Wall Street’s losses worsened as markets faltered around the world

Stan Choi and Alex Vega, The Associated Press

Date: May 9, 2022 5:34 PM EST

NEW YORK (AP) – Stocks took further losses on Wall Street on Monday, leaving the S&P 500 index at its lowest point in more than a year.

The sell-off came as renewed concerns about the Chinese economy piled up on top of global financial markets already hit by rising interest rates.

The S&P 500 fell 3.2%, deepening its losses after five consecutive weeks of decline, the longest streak of its kind in more than a decade.

The Dow Jones Industrial Average is down 2% and the Nasdaq Index is down 4.3% as tech-oriented stocks once again took a beating. Monday’s sharp drop sent the S&P 500 Index, Wall Street’s main gauge of health, down 16.8% from its record high earlier this year.

Wall Street’s decline came on the heels of the global swoon in the markets. Not only did stocks fall across Europe and much of Asia, but so did everything from crude oil in the old economy to bitcoin in the new economy. Bond yields and the price of gold also fell.

Among US stocks, the energy sector, which has been the star performer in recent weeks, was responsible for some of the biggest declines with lower oil and gas prices. Marathon Oil and APA Corp sank more than 14%.

“Basically, investors are finding it very difficult to find a place to hide,” said Sam Stovall, chief investment analyst at CFRA. “Traditional safe havens, like defensive sectors or like bonds, are not doing well. Commodities are not doing well.”

The S&P 500 fell 132.10 to 3,991.24. The Dow Jones fell 653.67 points to 32,245.70 points. The Nasdaq fell 521.41 points to 11,623.25.

Shares of smaller companies also fell broadly. The Russell 2000 Index lost 77.48 points, or 4.2%, to 1762.08 points.

Most of the damage this year has been from the Federal Reserve’s aggressive reversal away from doing all it can to support financial markets and the economy. The central bank has already pulled its key short-term rate off its record low near zero, sitting with almost all of the pandemic. Last week, he signaled additional increases of twice the usual amount that may arrive in the coming months, hoping to stem the high inflation gripping the economy.

Moves by design will slow the economy by making it more expensive to borrow. The risk is that the Fed could cause a recession if it raises interest rates too much or too fast. Meanwhile, high rates discourage investors from paying very high prices for investments, because investors can get a better return from owning ultra-secure Treasuries than they could have just a few weeks ago.

This has helped a nearly 29% drop in bitcoin since the beginning of April, for example. It fell 9.7% on Monday, according to Coindesk.

Concerns about the world’s second largest economy added to the gloom on Monday.
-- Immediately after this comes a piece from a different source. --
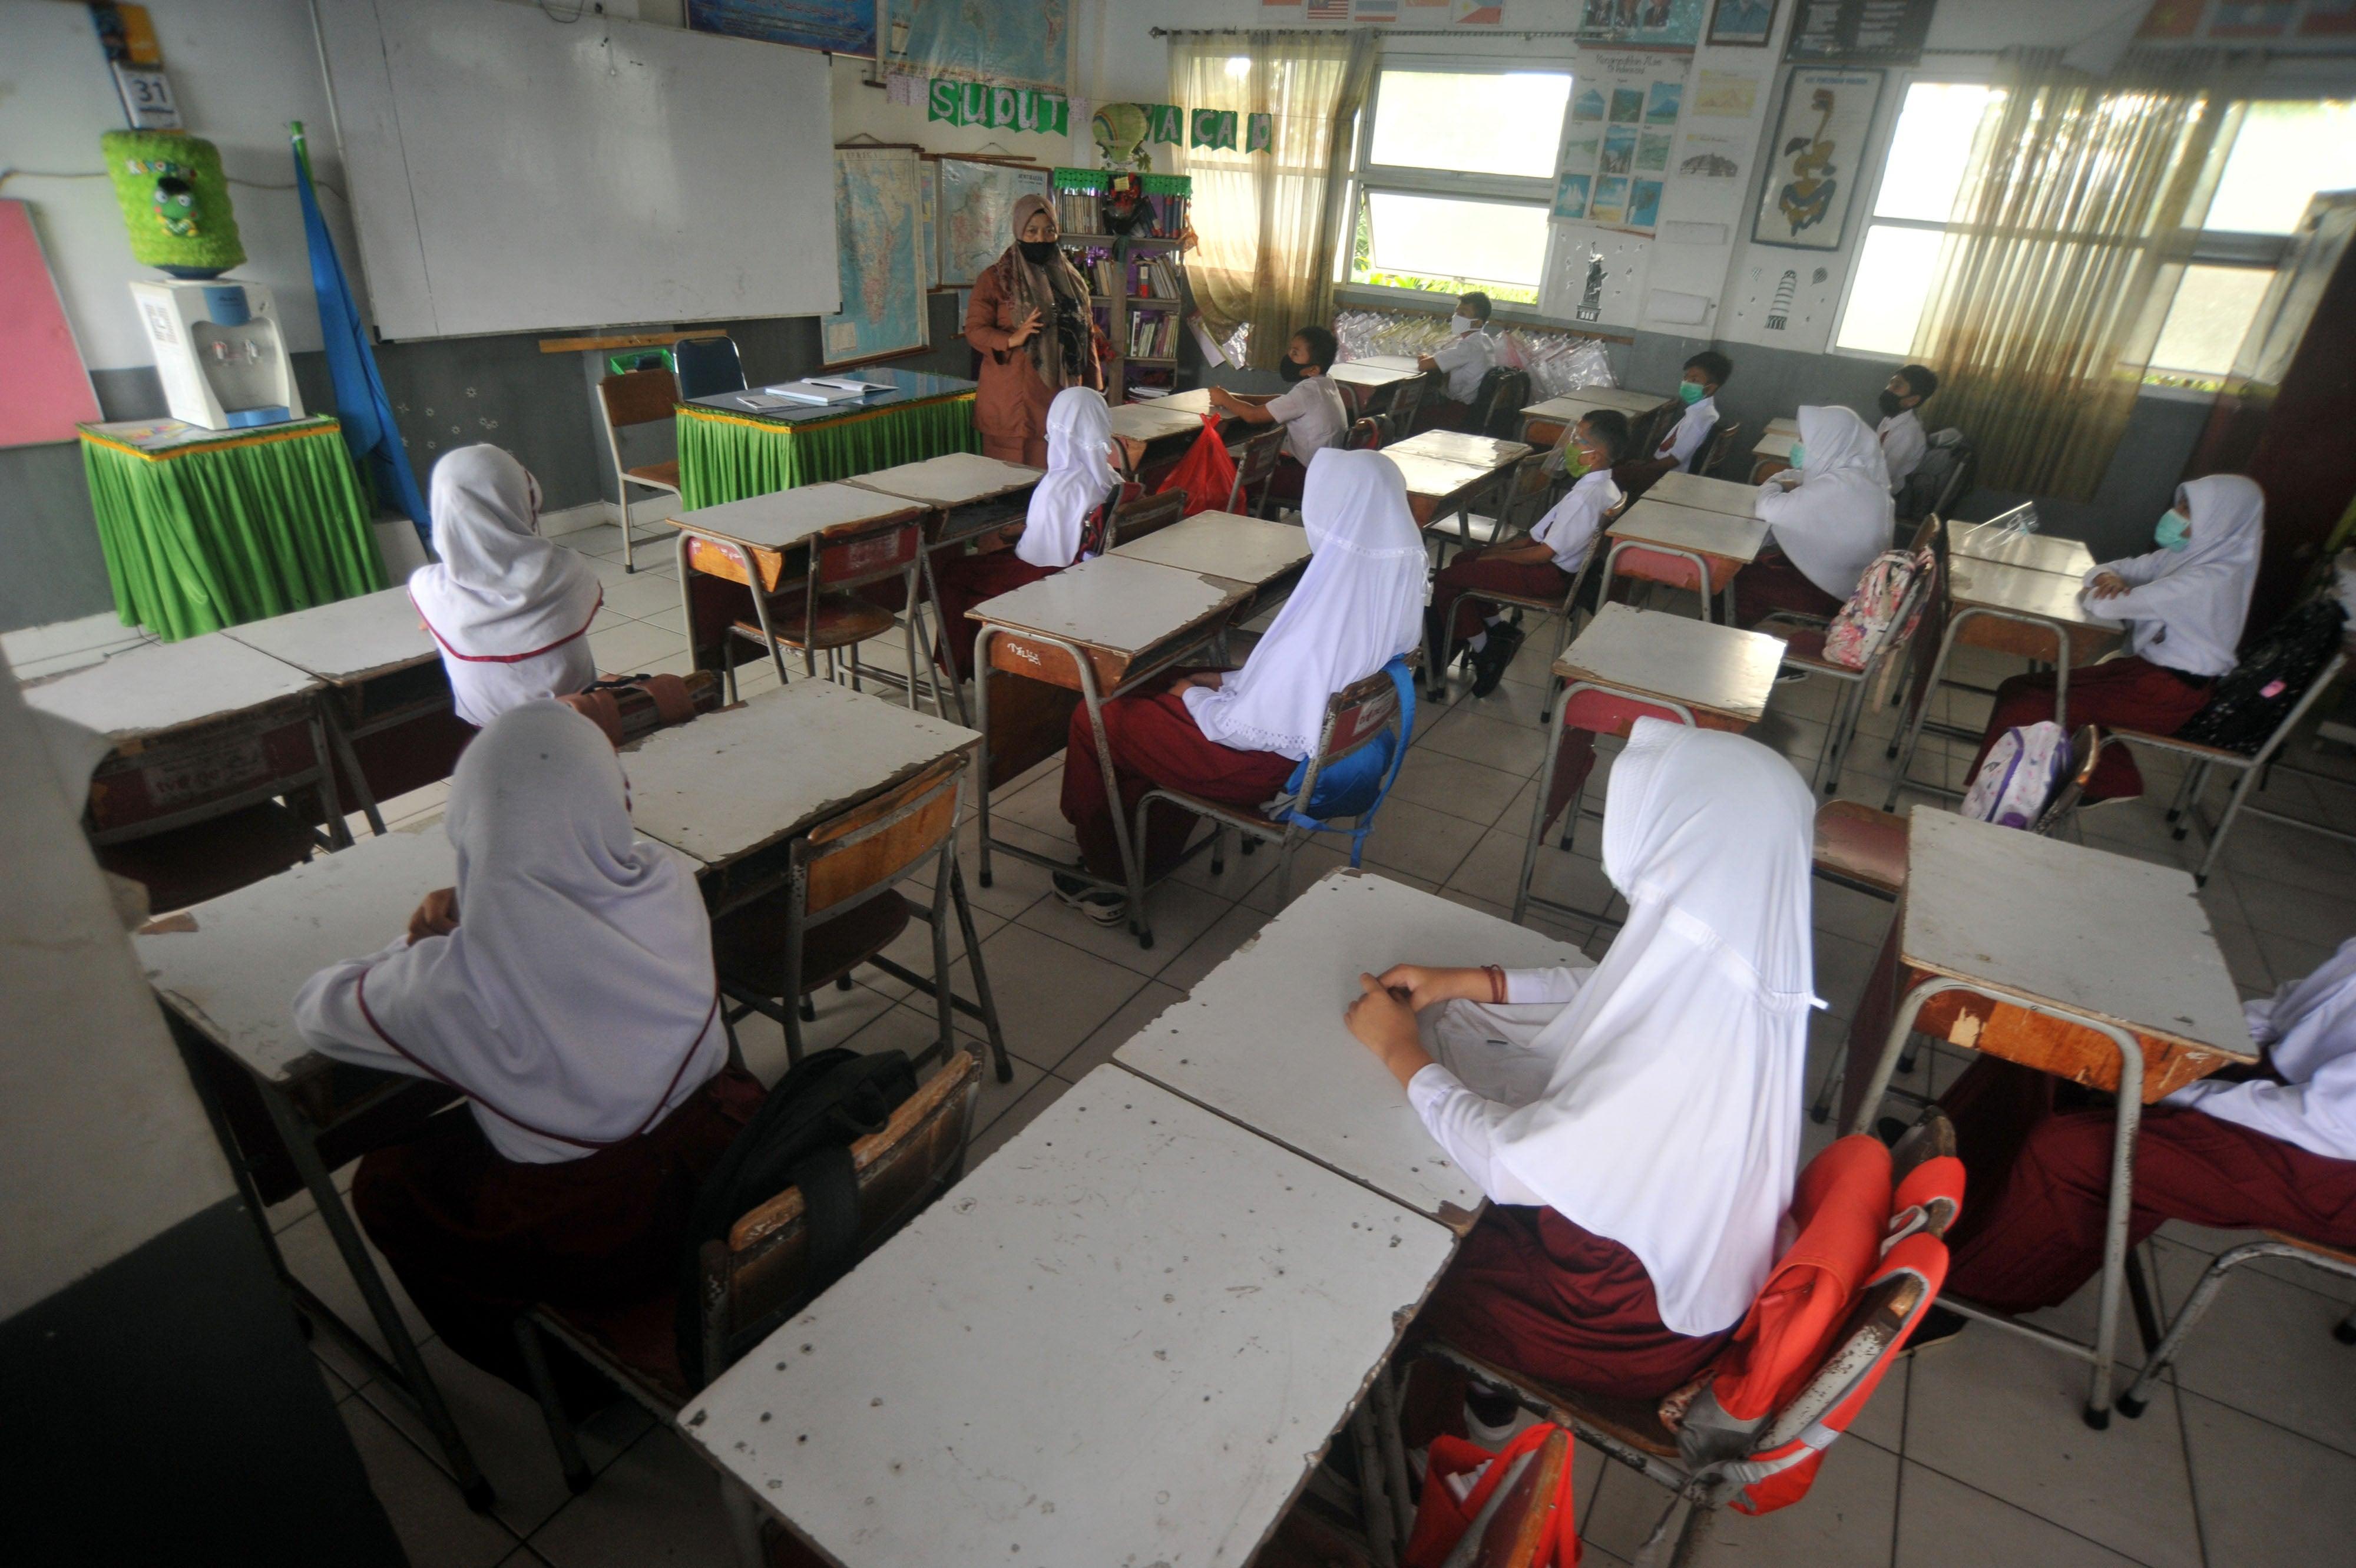 Full ladies indonesia Indonesian Women:

Analysts cited comments made over the weekend by a Chinese official warning of a dangerous job situation, as the country hopes to stem the spread of COVID-19.

Authorities in Shanghai have tightened restrictions again, amid citizens’ complaints that they are endless, just as the city was emerging from a month of strict lockdown following the outbreak.
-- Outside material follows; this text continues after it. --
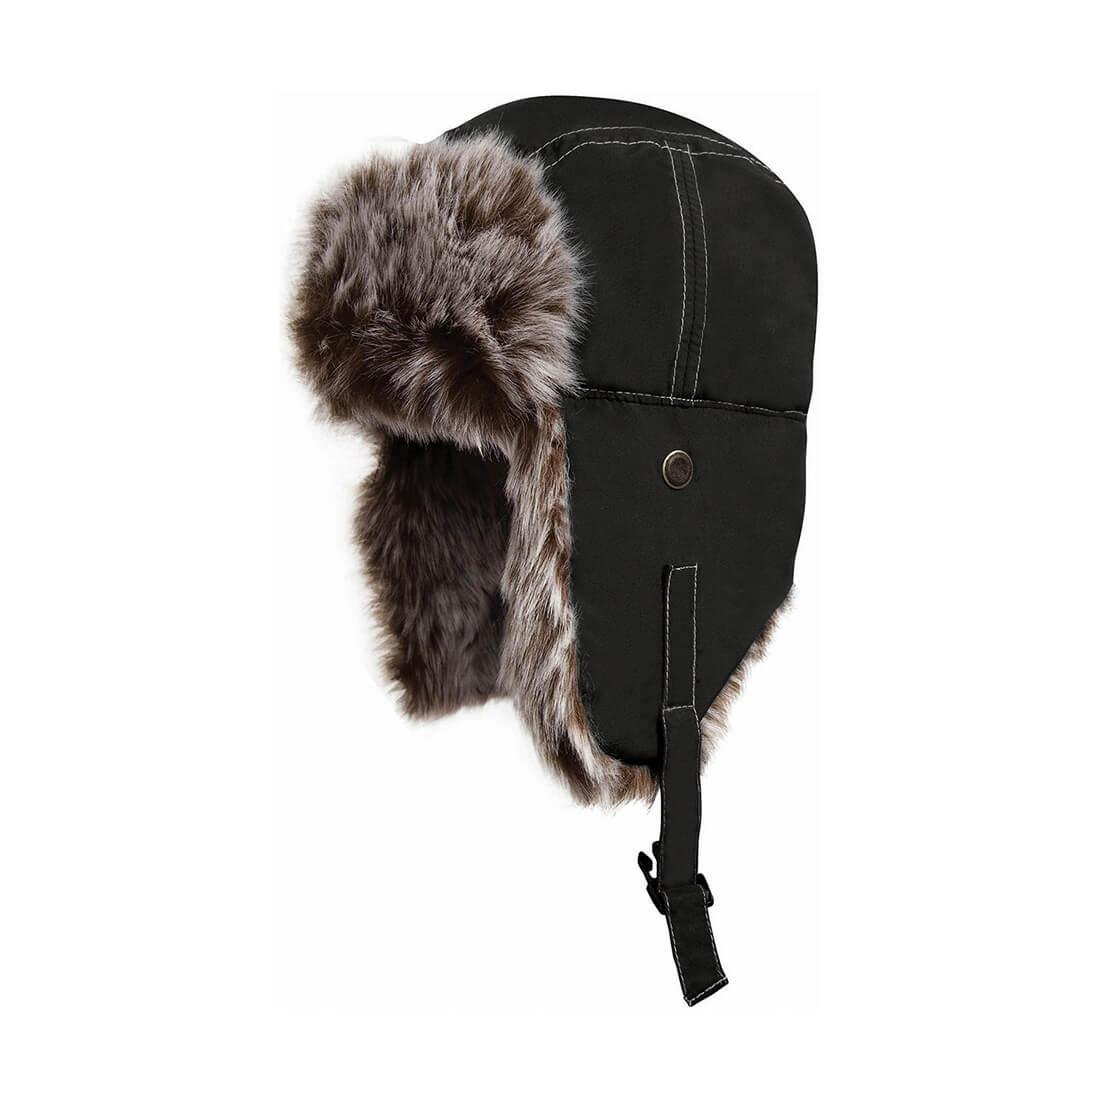 Caciula Classic Sherpa - Imbracaminte de protectie

The fear is that China’s tough anti-COVID policies will add more disruption to global trade and supply chains, while putting pressure on its economy, which for years has been a major driver of global growth.
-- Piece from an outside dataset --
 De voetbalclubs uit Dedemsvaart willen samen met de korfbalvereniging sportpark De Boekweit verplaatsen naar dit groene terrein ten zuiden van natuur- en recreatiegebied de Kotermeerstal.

In the past, Wall Street has experienced similar pressures due to the strong earnings growth that the companies have been producing.

But the latest earnings-reporting season for large US companies has been less enthusiastic. Companies generally report greater earnings than expected, as is usually the case. But disappointing indications of future growth were plentiful.

Strategist Savita Subramanian wrote in a BofA Global Research report that the number of companies citing “weak demand” in their conference calls after earnings reports jumped to the highest level since the second quarter of 2020. She said technology earnings are also lagging.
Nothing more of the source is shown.